Whenever automation comes up in the UK as a subject for debate, I always hear a lot of suspicion, though—that this is just a way to get rid of my job. Do you feel that is a challenge in RPA adoption, or a myth?

It’s definitely not a myth. You hear about automation anxiety all the time, because at the end of the day automation does what people used to do until a minute ago—definitely the more routine, repetitive work that people do. Those kinds of workers within an enterprise, are scared because if all they do is copy-paste all day, then definitely they can be replaced.

But the reality that we see is not is much less letting go. RPA’s maybe slowing down hiring rates because companies can put in robots to do a lot of the work, but then they’re re-purposing their people to do other things. Take contact centres: a lot of enterprises are facing new topics that customers are calling about, and conversations tend to be much more complex—robots would not be able to do those things right, and you can’t really replace complex decisioning and out of the box thinking that employees can apply to help customers. People are there for the long term and we’re seeing a big trend in the market towards stronger adoption of attended automation.
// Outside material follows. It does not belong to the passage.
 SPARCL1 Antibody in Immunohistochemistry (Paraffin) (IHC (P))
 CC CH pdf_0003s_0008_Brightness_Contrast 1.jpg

What do you mean by that term?

Essentially, using robots to help the existing workforce do its work better; putting in personal robotic assistance for an employee. The first thing that can do is help you with work you hate to do… If I’m an IT person and when people leave the company, I need to erase that employee from 10, maybe more, different systems. That’s a very mundane task, which you would love to see taking off my task list. That’s the type of task the robot will take over, we’re seeing. Actually, it’s a breath of fresh air for employees once they realise the type of jobs robots are taking that lets them be more creative.

RPA right now is just not about replacing us but there popping up guidance and assistance to make you much more effective, to help them meet your KPIs, to help teams provide a better customer service which they’d want to do anyway.

Finally, Karen, what do you see 2021 being about for RPA?

The route this market is going towards, in the UK and elsewhere, is adopting more AI into the robot’s capabilities. Already we have some implementations of AI that are really helping us scale RPA, really helping to get the automation out there much quicker, like desktop process mining that uses unsupervised machine learning to identify processes then build automations automatically, based on what it identified, rather than asking people, What do you think should be automated? which is not the best guarantee of success.